On 14 January 1861, Ruperto Fernández and José María de Achá, ministers of state in the government and war portfolios, joined by Prefect of La Paz Manuel Antonio Sánchez, rebelled against the president they had been serving under, launching a coup d'état which ousted José María Linares. In their manifesto to the nation, the newly formed junta justified its actions as a "regenerative revolution" against the dictatorship President Linares had imposed in 1858.

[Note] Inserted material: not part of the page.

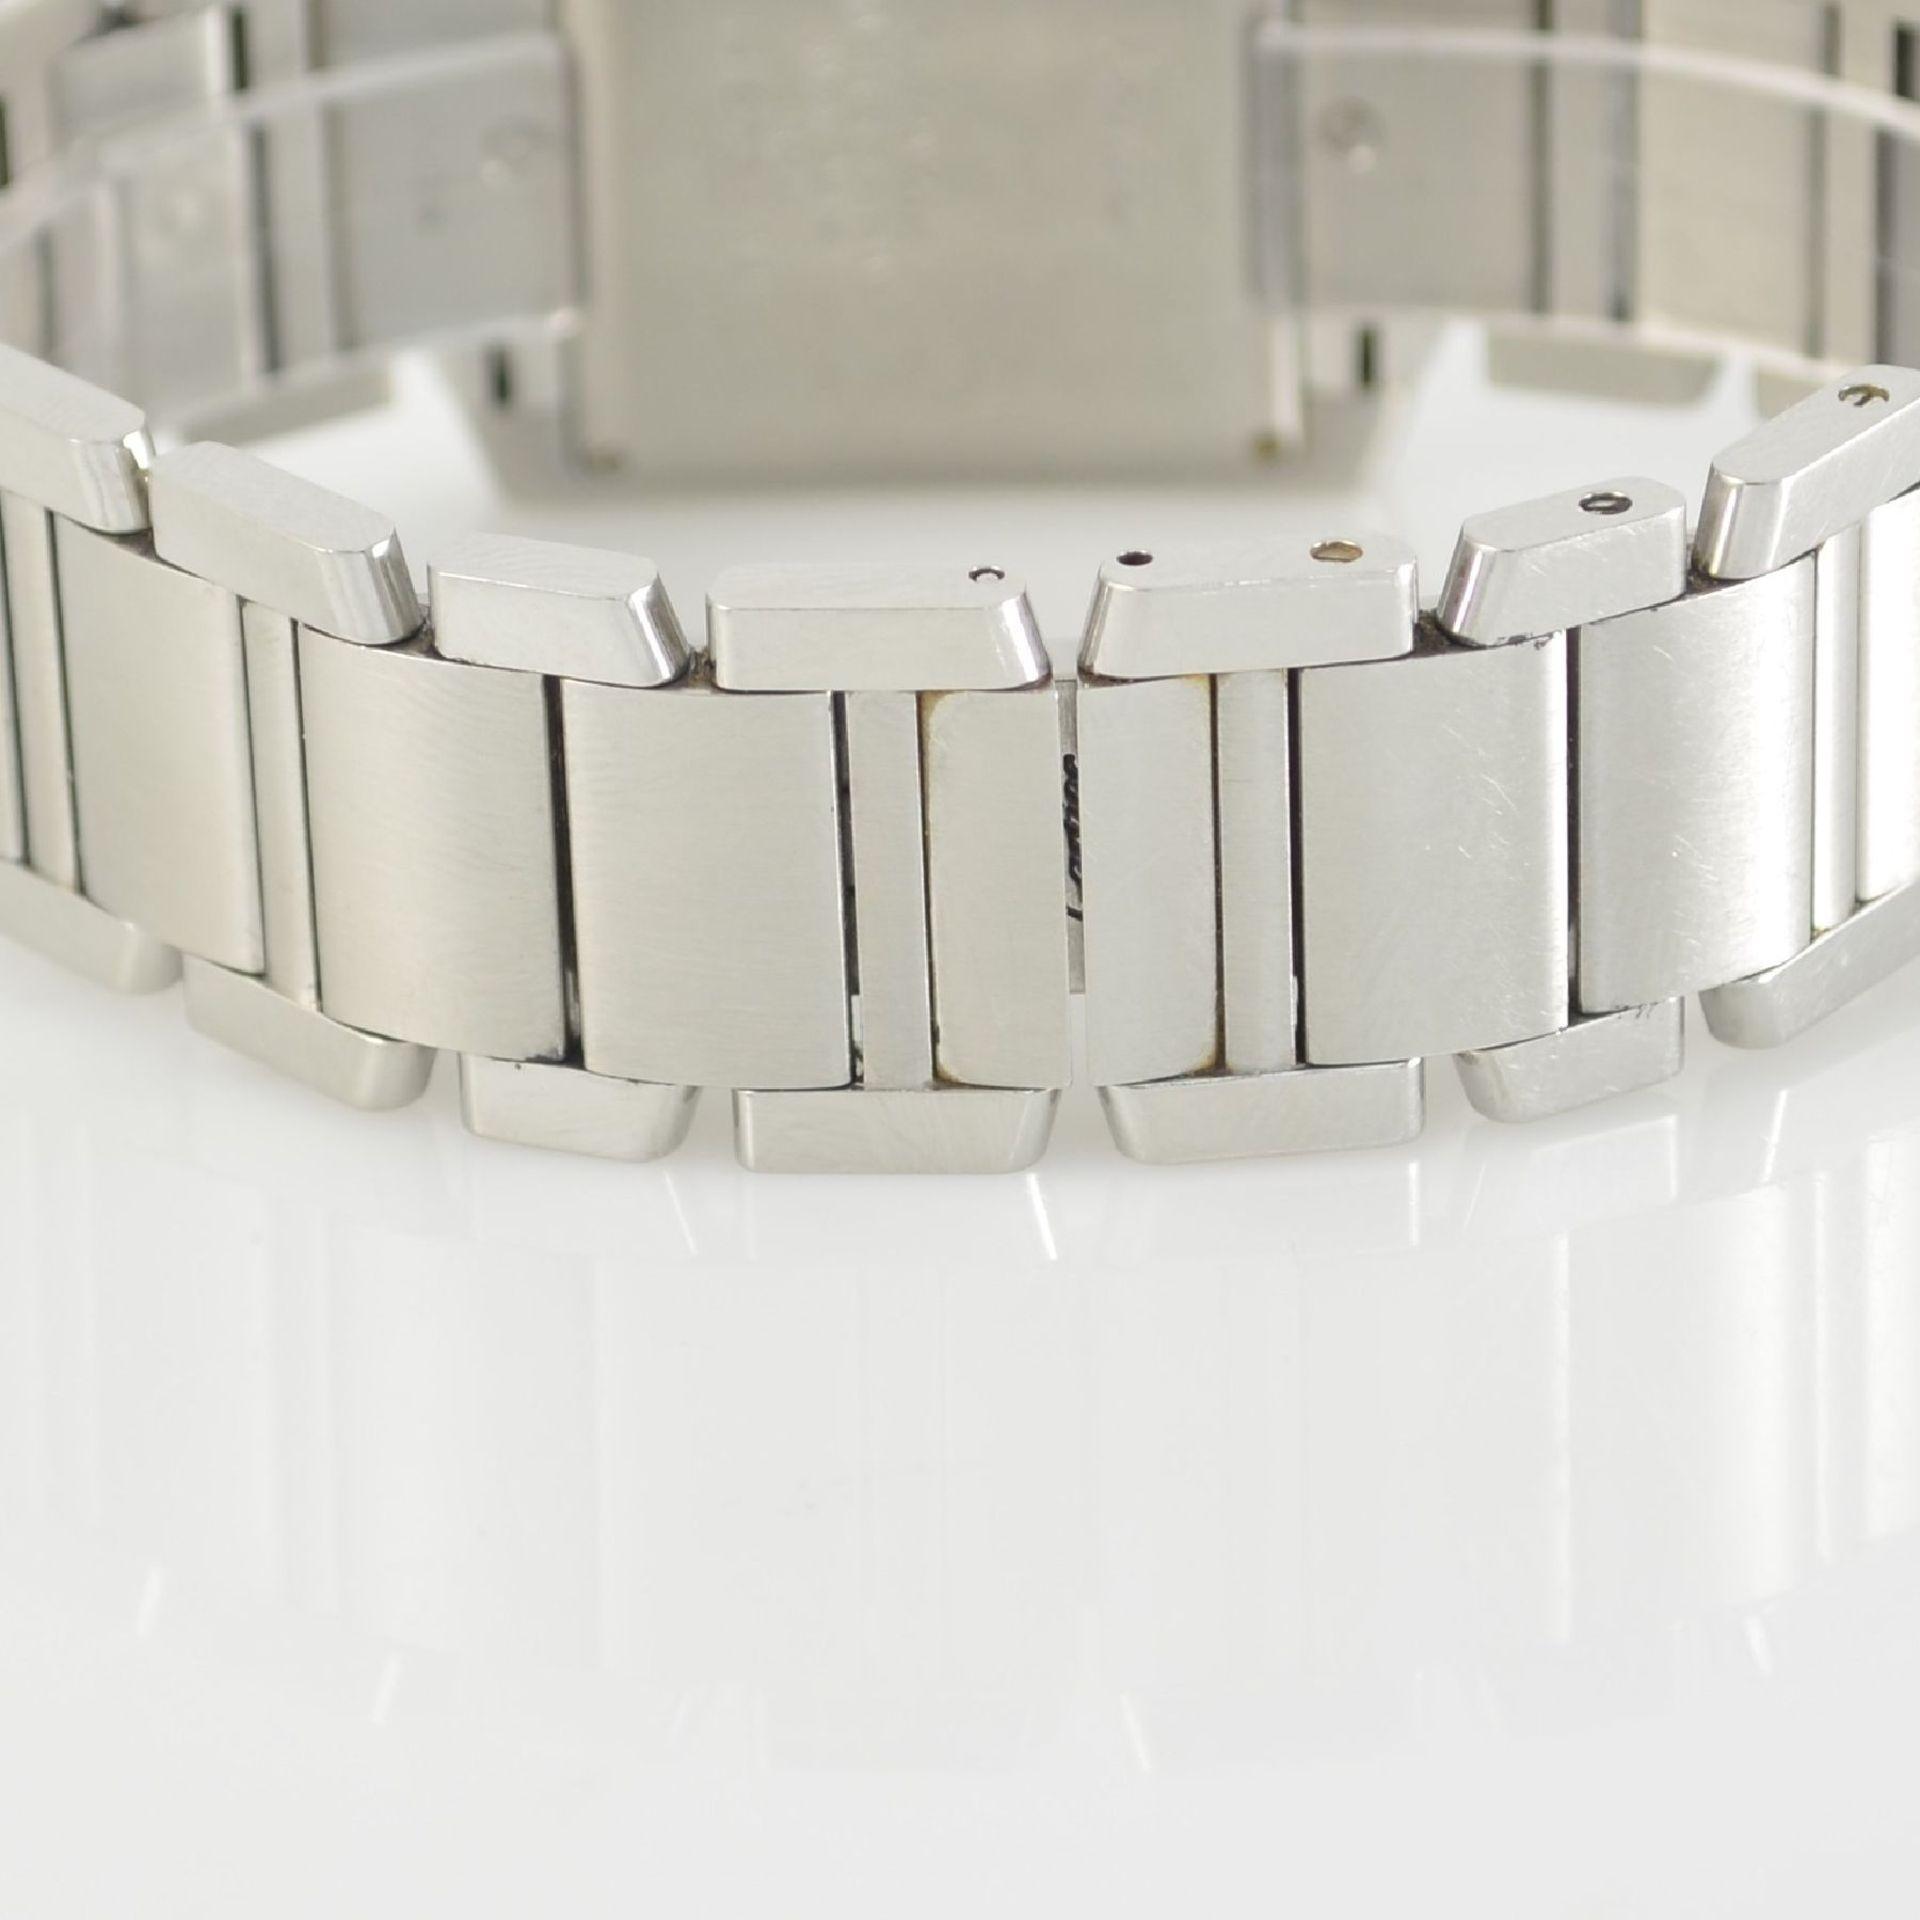 CARTIER Armbanduhr Tank Francaise, Automatik, Ref. 2302, Edelstahlgeh. inkl. Gliederband m. dopp. - Bild 5 aus 8

National Constituent Assembly 
Immediately on 15 January 1861, the junta released the call for the convocation of a constituent assembly. The legislature was tasked with drafting a new constitution, the seventh such charter in Bolivian history, and was to elect a provisional president from among the triumvirs. Legislative elections were carried out in what was considered to be a generally democratic manner, resulting in the establishment of a multi-party assembly with members "from all walks of life". Upon its installation at the Loreto chapel on 1 May, the junta officially ceased its executive functions and transferred them to the assembly, chaired by Adolfo Ballivián. The same day, the assembly redelegated command to the junta until it could finish deliberating on who would lead the provisional government.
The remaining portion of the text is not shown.